By Jordan Peterson | @thefilmmajor
Looking to gift your mother an exciting and unforgettable time at the movies this Mother’s Day? If so, don’t waste your time or money with Breaking In, an excessively dull home invasion thriller staring Gabrielle Union as a vengeful mother on a mission to save her two kids from four bad news burglars.
Following the passing of her estranged father, Shaun Russell (Union) takes her two kids on a trip to what is essentially a tricked out fortress belonging to her old man located smack dab in the middle of Nowhere, Wisconsin, in order to get the jump on selling the place off. It’s an accessible setup and one can hardly fault the film that. Plenty of thrilling flicks are built on similarly simple foundations. The core problem with Breaking In is that it’s equally uninspired in too many facets of the medium.
Every character is a two-dimensional trope. Shaun’s bratty teenage daughter, Jasmine (Ajiona Alexus), for example, has nothing better to do than complain, listen to music, and text her boyfriend (Ugh). Her still less interesting kid brother, Glover (Seth Carr), mostly just spews nerdy tech knowledge and calls his big sis names. Shaun herself is has no background of any real interest or clarity and her relationship with her children is given practically zero development before crap starts hitting the fan.

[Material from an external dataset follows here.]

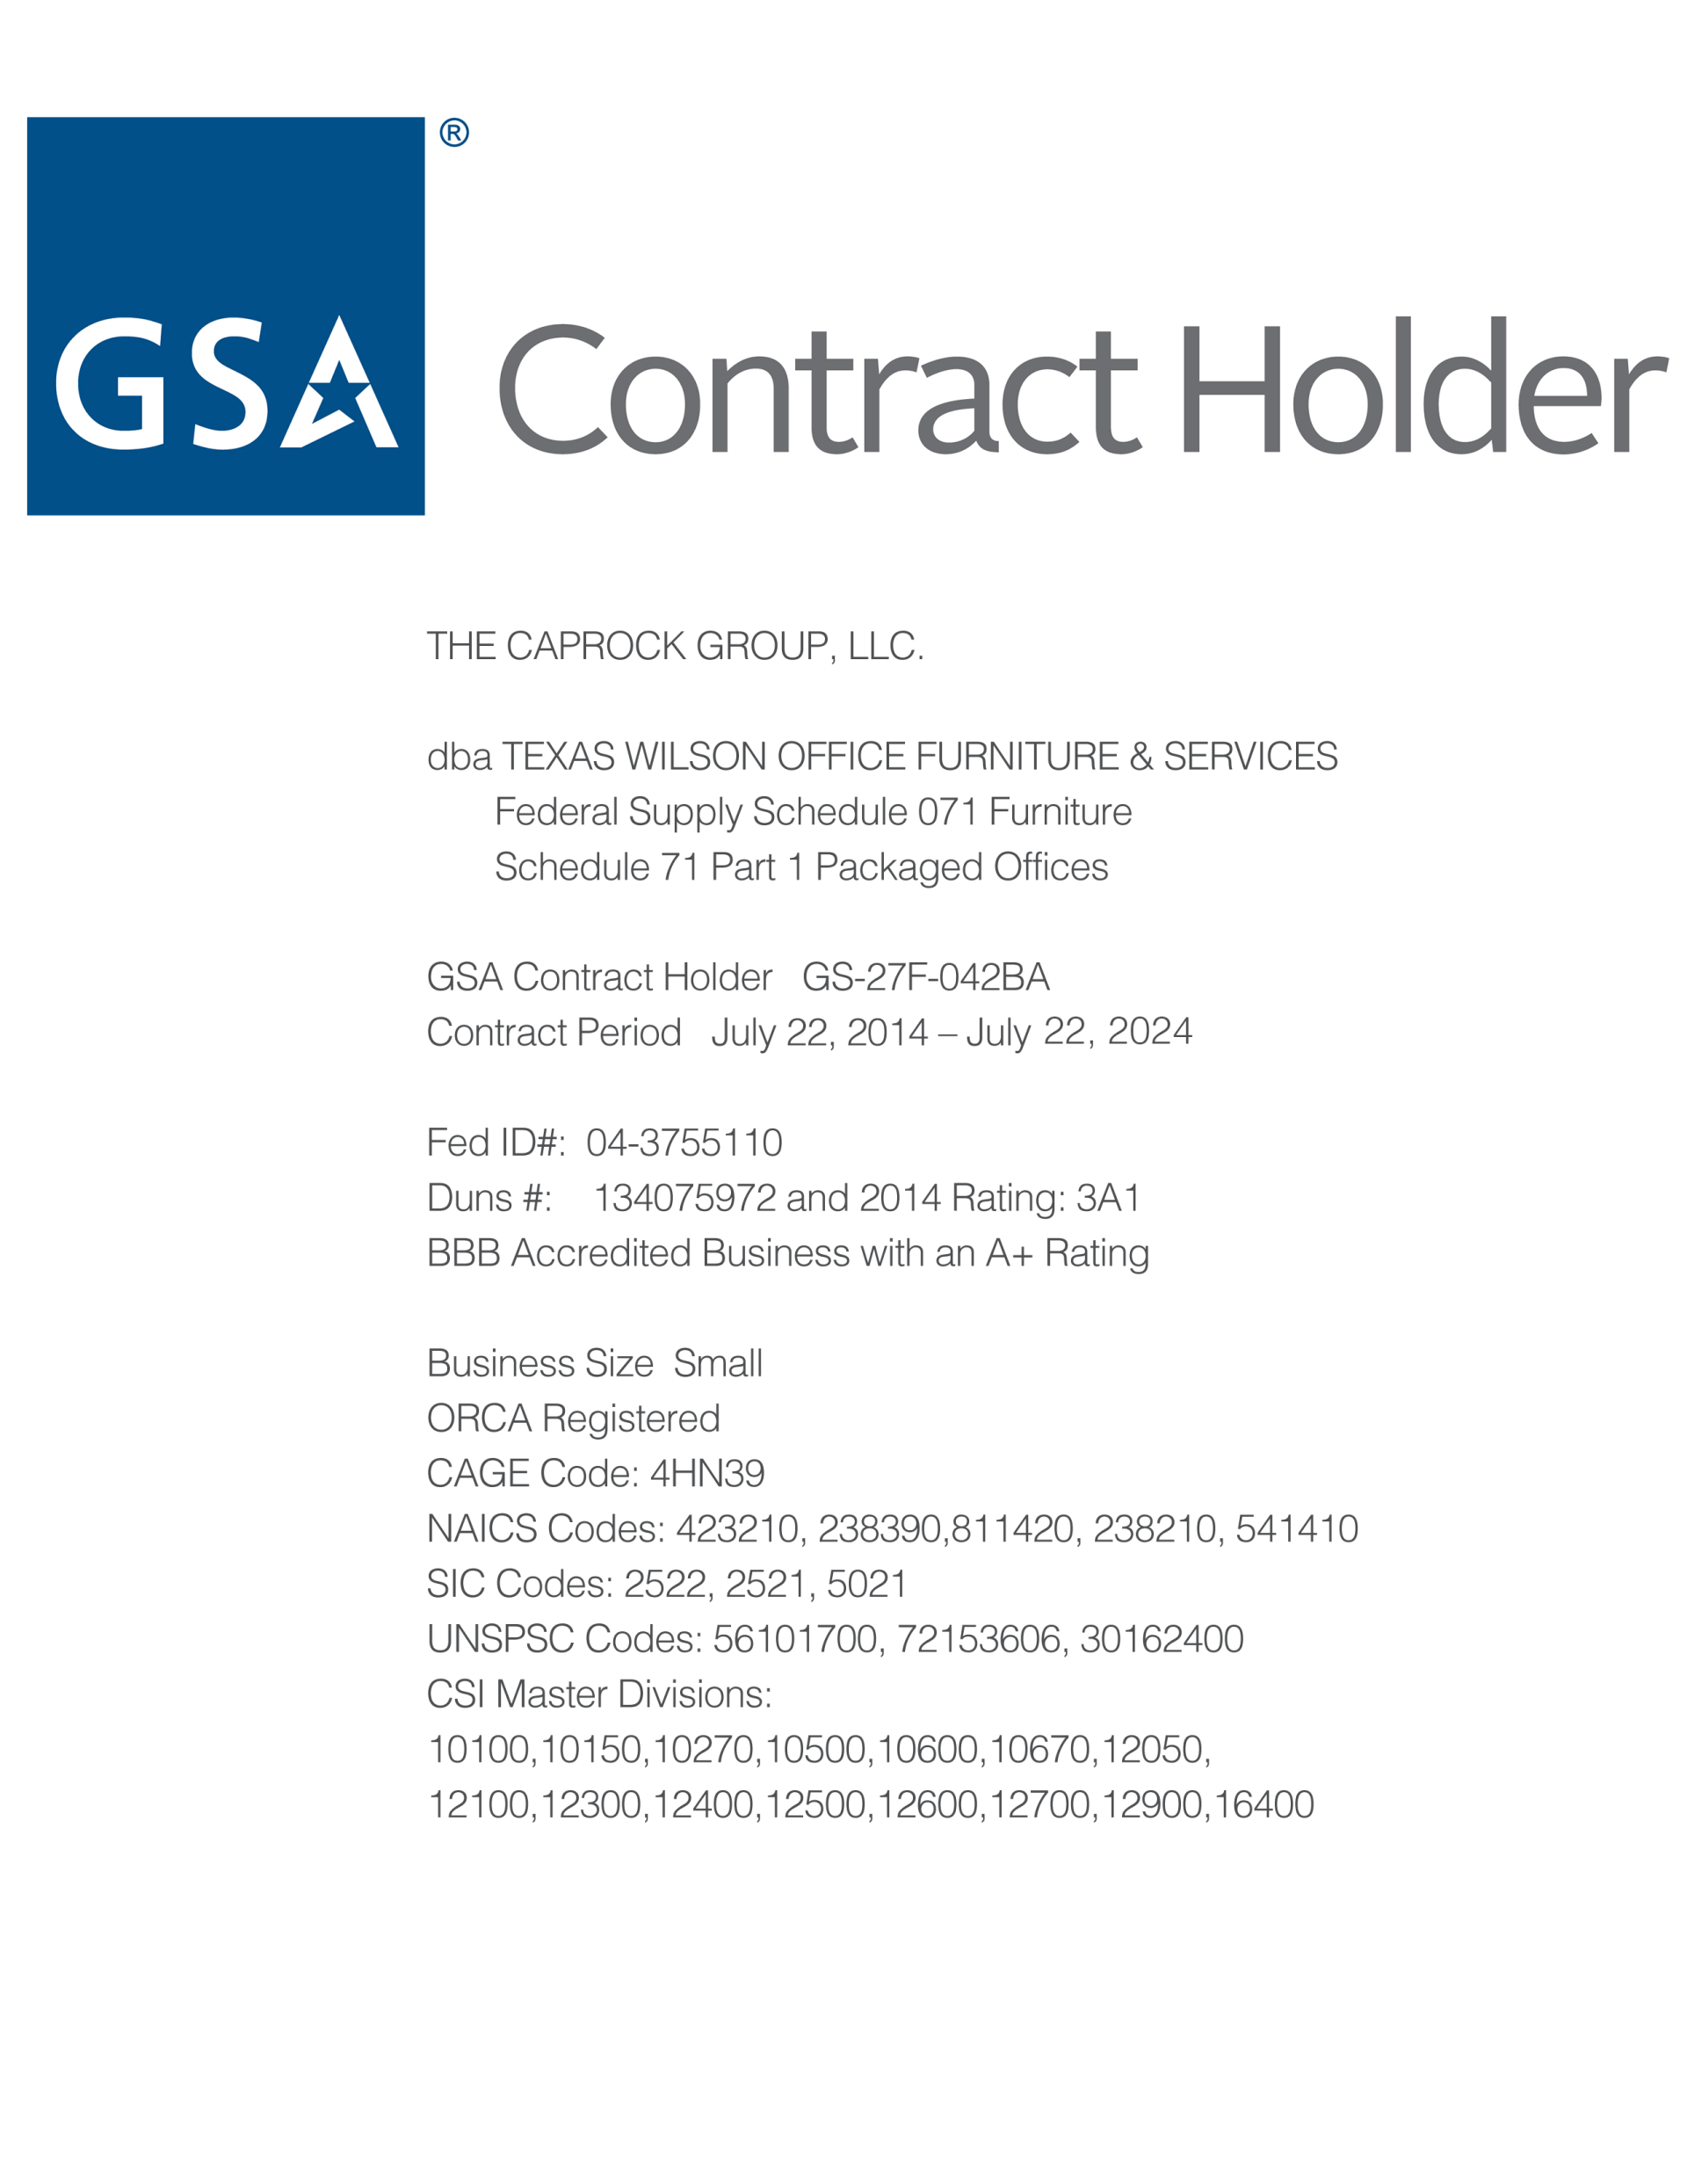 GSA Contract Holder — San Antonio, TX — Texas Wilson

And when it inevitably does, the baddies too reveal themselves to be just as wooden with flat characterizations and typical motivations. Eddie (Billy Burke), the cool-headed leader who slowly loses his cool as plans start to unravel, barks orders at his eye-rollingly inept henchmen (while doing nothing himself): the one with a conscience (Levi Meaden), the psychotic one who wants to kill everyone (Richard Cabral), and the one who gets taken out too early to be important (Mark Furze). They want to steal a handsome $4 million lump sum of cash that Shaun’s father supposedly has stashed away somewhere inside the tightly secured mansion.
Breaking In is selling itself as a Taken-esque badass revenge tale with a feminine twist. If only that were actually the case. The film lacks any true sense of stakes. The action set pieces are lifeless and utterly disappointing. And to be honest, it’s kind of sad. Director James McTeigue is the credited director of one of my favorite movies, V for Vendetta, but here, thirteen years out, he and screenwriter Ryan Engle seem bored and uninterested in taking advantage of a talented lead like Gabrielle Union, who seems wholly committed.